Syracuse High School: Remembering ‘The Good Old Days’
SYRACUSE — Fond memories and laughter were the order of the evening at the 107th annual Syracuse High School alumni banquet, held Saturday, June 18, at the Syracuse Community Center.
More than 100 attendees chatted and enjoyed a baked chicken and barbecued roast beef buffet to the nostalgic strains of Elvis Presley, Frank Sinatra, The Andrews Sisters, The Platters, Frankie Valli and the Four Seasons and other period performers.
The classes of 1946, 1956 and 1966 were feted in speeches and a slide presentation that capped off the night of reminiscences.
According to the participants and the gathering’s theme, they were indeed “The Good Old Days.”
Joe Hibschman emceed the festivities and read a written statement by Grace (Stetler) Eyer (’46). She reminisced about school days during World War II, how area eighth graders were sent to four different high schools and how she and her two friends from eighth grade maintained their close friendship throughout their high school years.
John Searfoss spoke for the class of 1956. He introduced the other eight classmates who attended the event. Though he admitted, “I haven’t kept track of them over the years,” he spoke of the intimacy of small town community life way back when.
“All the small classes knew every mother in town and what everyone was doing,” he recalled. “They were the good old days and we really enjoyed it.”
The class of 1966 will have its official reunion July 30, but nine members attended the banquet.

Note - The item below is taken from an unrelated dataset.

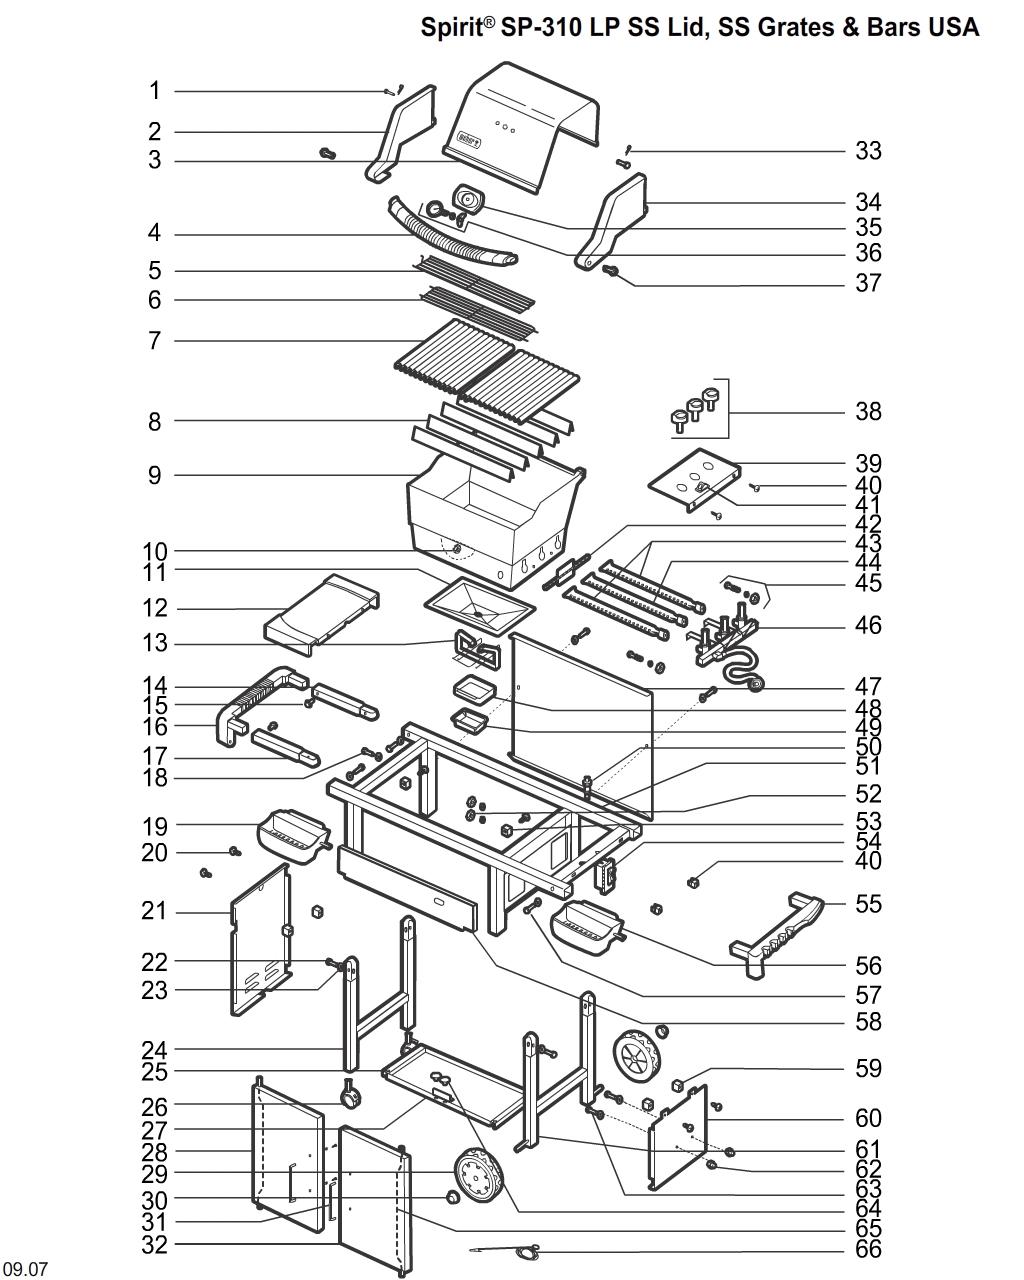 Schematic Image 3720301

Carolyn (Smith) Baker spoke on behalf of her class.
“You know you are old when you read in The Mail-Journal what happened 50 years ago” and remember it firsthand.
She cited the 16 members of the class who had passed away. “We think of them a lot and miss them a lot,” she said. “It’s hard to believe that many of us are gone.”
Baker spoke of band trips and school plays; going to the root beer stand, roller rink and Tippy Dance Hall; walking uptown to lunch (“they let us out to do that”); hanging out at the youth center with “our fearless leader Bud Smith”; and going to the movie theater.
“We girls went to the theater so we could watch the boys who went to the pool hall across the street,” she said.
“We all remember where we were at when we heard JFK was shot,” she said. “I was going down the ramp to English class.”
She talked about the revelry, complete with a bonfire, after the boys’ basketball team beat Cromwell to break its 29-game losing streak.
Baker summed up the class members’ undimmed camaraderie after half a century. “We get together and it seems like we can take off talking like when we were 18.”
Baker presented two props from back in the day. The first was a posed photo of the cheer block. The second was a bell plucked from the school before its demolition. Hibschman plugged it in and the dining hall echoed with the familiar sound signaling a change of classes.
Hibschman presented a trivia question: “When did they start calling the yearbook ‘The Echo’”?
“1948,” several alumni shouted in unison. Before that, the yearbook was known as “The Potawatomi.”
The evening ended with hugs, handshakes and hearts full of pleasant memories of “the good old days.”